Introduction Recently there has been an intense interest in molecularly imprinted technology. Molecularly imprinted polymers (MIP) are prepared by creating a three-dimensional polymeric matrix around a template molecule (Spégel et al. 2002). After the removal of the template, the resulting imprinted cavitiy with complementary shape and functional groups remain. The MIP technique has been demonstrated as one of the most promising techniques in the sensor field for its low cost, simplicity, reliability, and wide choice of templates and functional monomers (Fuchs et al. 2012; Haupt and Mosbach 2000). The technique has been widely explored in the field of analytical chemistry, especially in studies on stationary phases for HPLC (Moein et al. 2011), capillary electrochromatography (Huang et al. 2011), enzyme-linked sorbents for chemiluminescence (Jing et al. 2011) and colorimetric detection (Sergeyeva et al. 2014). Owing to the complementarity in binding sites and shape, the created nanocavities can exhibit good selectivity and act as artificial antibodies toward the imprinted molecules, including a large and diverse set of important metal ions (Güney and Cebeci 2010), organic molecules (Sun et al. 2014) and bioorganic molecules (Bossi et al. 2012). Furthermore, MIP electrochemical sensors have attracted considerable attention and have been widely utilized to detect different molecules ranging from small hazardous molecules to biomacromolecules (Kan et al. 2012; Li et al. 2012; Malitesta et al. 2012; Wang et al. 2014). At the same time, these reports pointed out that the fabrication of MIP on electrode surfaces was a critical factor (Afkhami et al. 2013). Hitherto, several methods have been developed for fabricating MIP on electrode surfaces, including in-situ polymerization by electrochemical (Pernites et al. 2011), optical (Ton et al. 2013) and thermal technologies (Turner et al. 2010), and to coat electrode surfaces with MIP suspensions containing glutinous agents (Yang et al. 2014). To achieve a high sensitivity, nanomaterials were used with MIP (Kong et al. 2013; Lian et al. 2012).

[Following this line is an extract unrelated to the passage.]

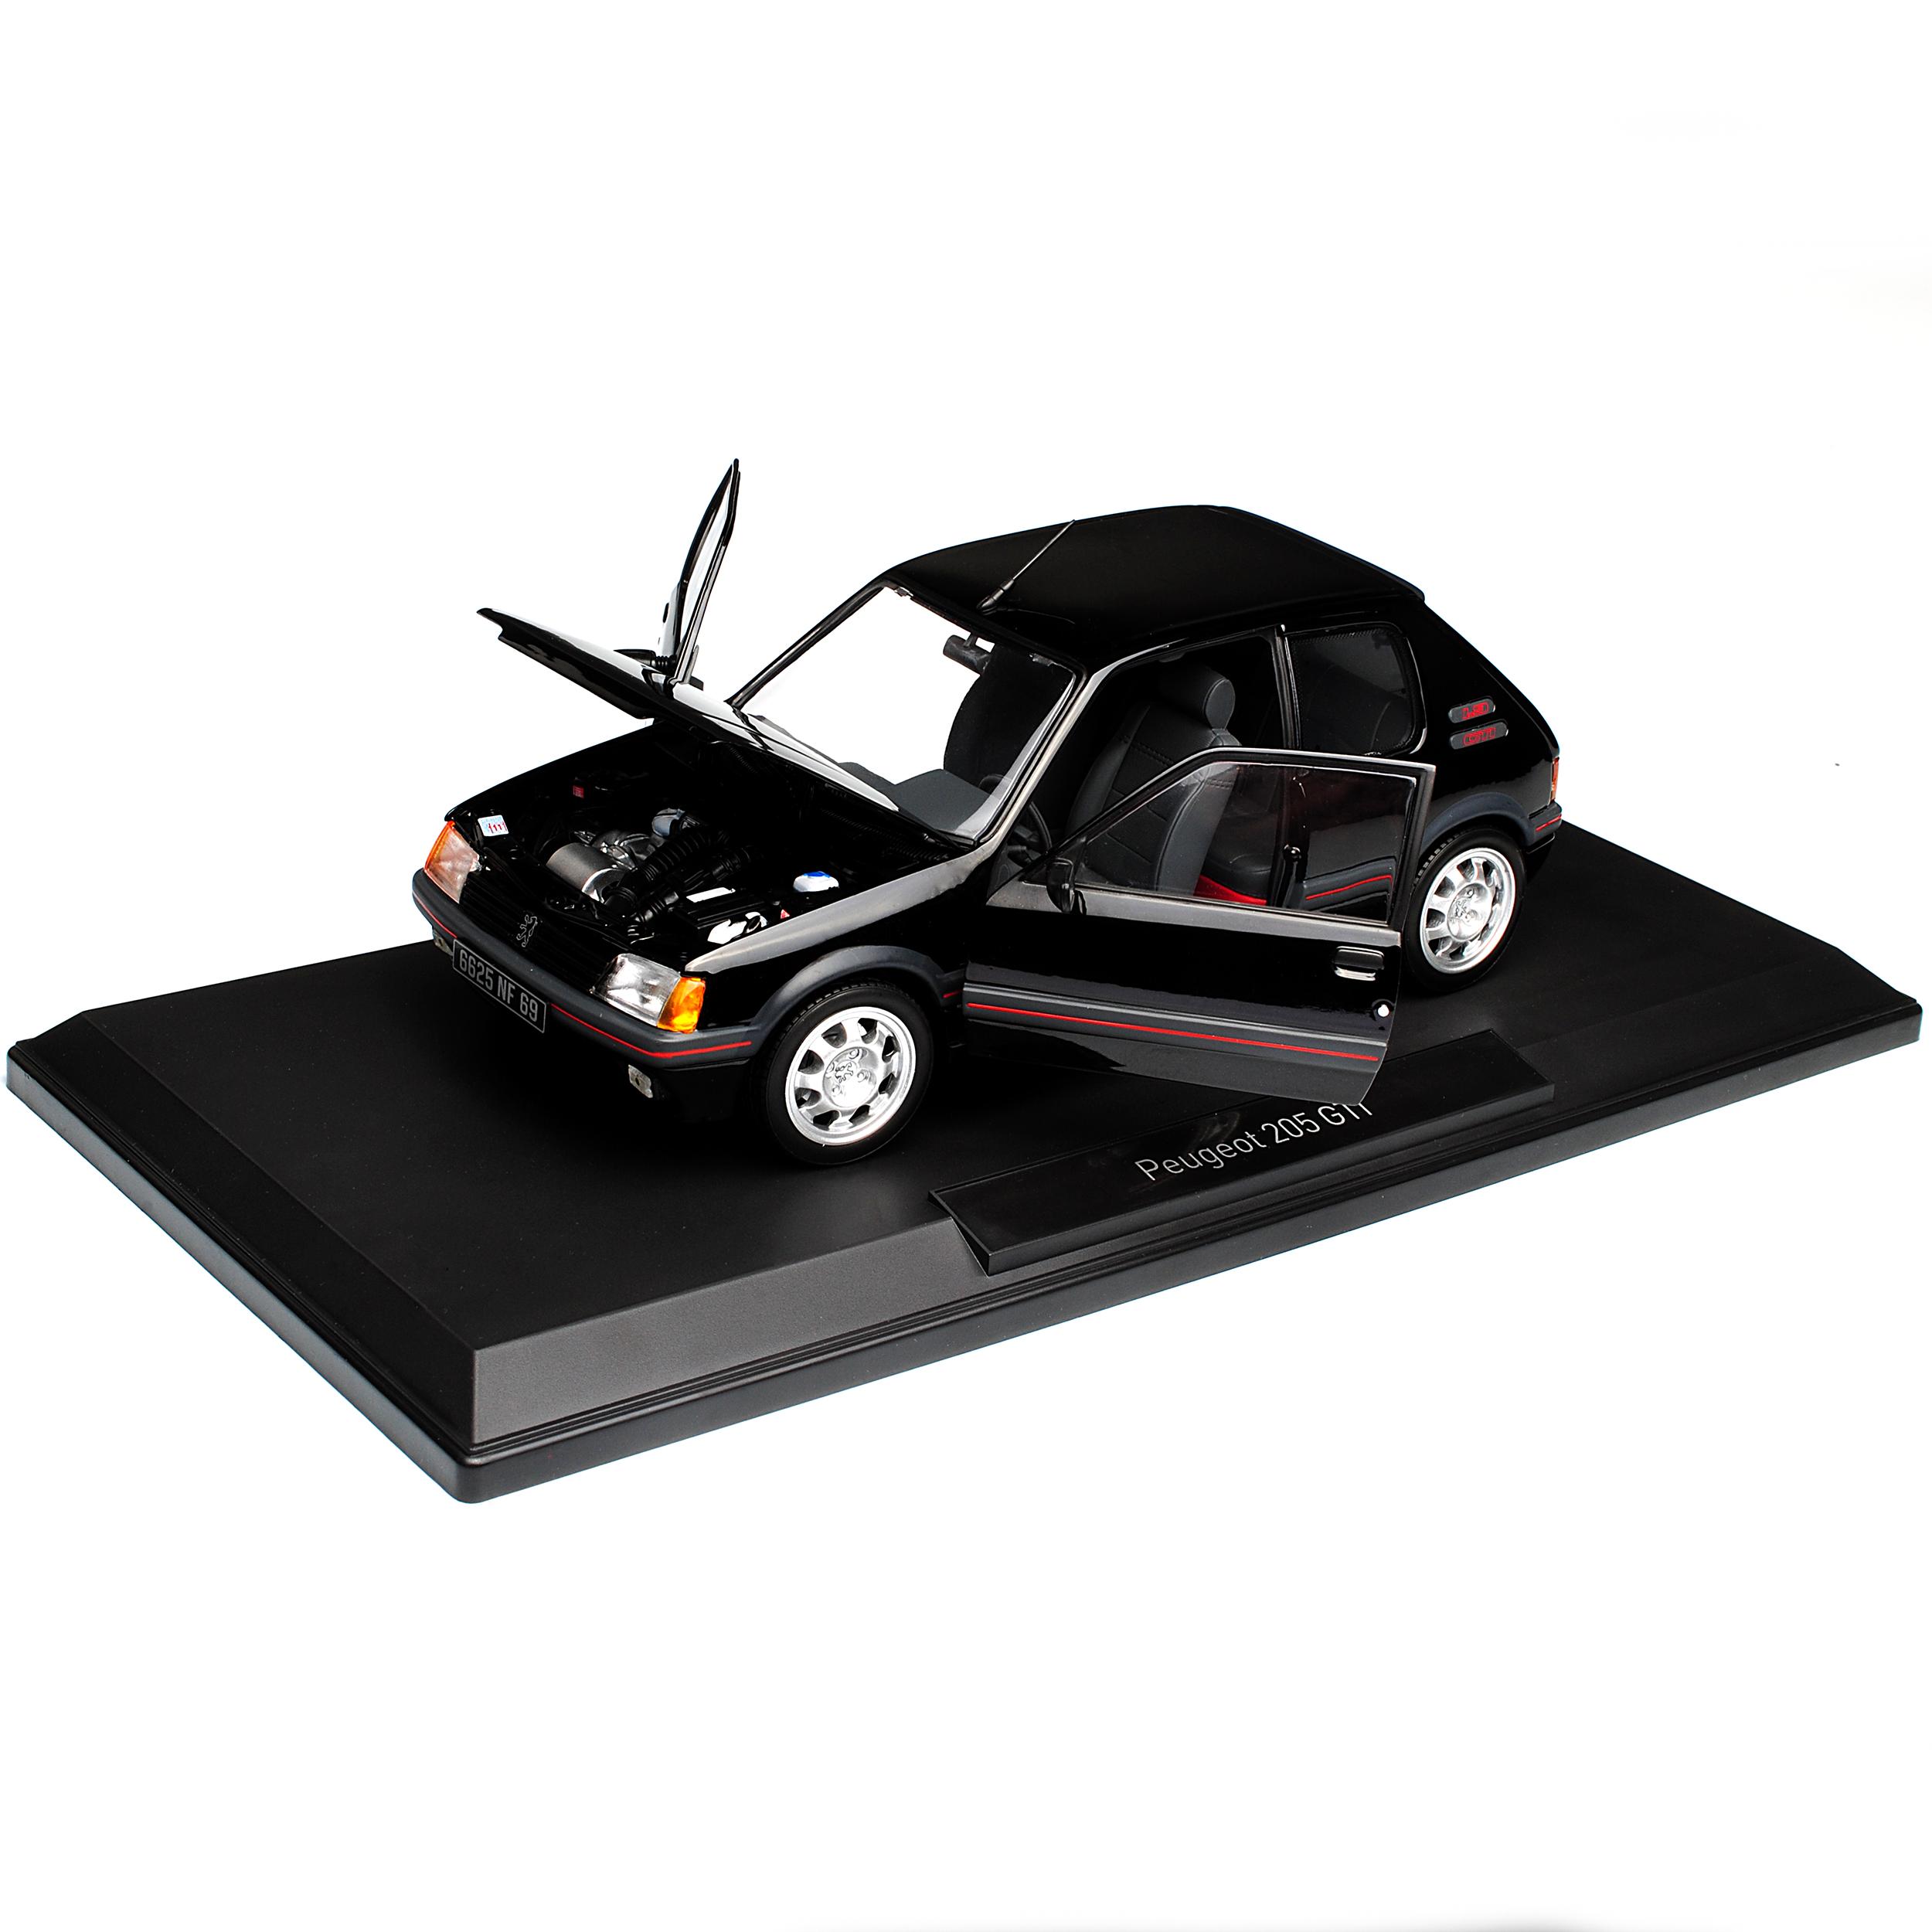 Peugeot-205-GTI-1-9-negro-1983-1998-1-18-Norev-modelos-coches-con-o-sin-ind miniatura 9

Carbon nanotubes (CNTs) are promising for electrochemical sensing due to their large surface areas, high electrical conductivities and excellent electron transfer rates (Lota et al. 2011). CNTs have been widely used as sensors in various electroanalyticaland biosensing applications (Yáñez-Sedeño et al. 2010). Au nanoparticles (AuNPs) have been intensively studied on the fabrication of electrodes due to their large specific surface area, good biocompatibility, and high conductivity (Li et al. 2010b). Self-assembled monolayers (SAMs) can be induced by the strong chemisorption between the substrate and organic molecule (Fuller et al. 2010). SAMs have excellent stability and integration with biomolecular electronic devices and have been widely used in sensors. Cholesterol (CHO) is an essential lipid with several biological functions in organisms. Hypercholesterolemia is a major cause of the early development of coronary heart and peripheral atherosclerotic diseases (Stitziel et al. 2013). The determination of cholesterol levels in food and blood has been increasingly important for clinical analysis/diagnosis because of an alarming rise reported in the rate of clinical disorders due to abnormal levels of blood cholesterol. CHO has been detected by various methods, such as HPLC (Kotani et al. 2011), gas chromatography (Garcí a ‐ Llatas et al. 2012), cholesterol biosensors (Safavi and Farjami 2011) and electrophoretic chips (Kaminikado et al. 2011). Therefore, it is highly desirable for analytical research and clinical applications to establish a sensitive, selective and quick method to detect trace CHO in biological samples. To accurately determine CHO levels in individual laboratories, a sensitive and selective analytical methodology that requires less expensive apparatus and direct analytical determination without complicated derivatization procedures is needed. In this study, a novel sensor for CHO determination based on MIP and co-polymerized technology was constructed. A molecularly imprinted film was fabricated on the electrode surface, and CHO was linked to the cavities constructed by binding sites of molecularly imprinted film. It was hypothesized that the combination of surface molecular self-assembly by co-polymerization of poly-aminothiophenol (p-ATP) and AuNPs on GCE modified with multi-walled carbon nanotubes (MWNTs)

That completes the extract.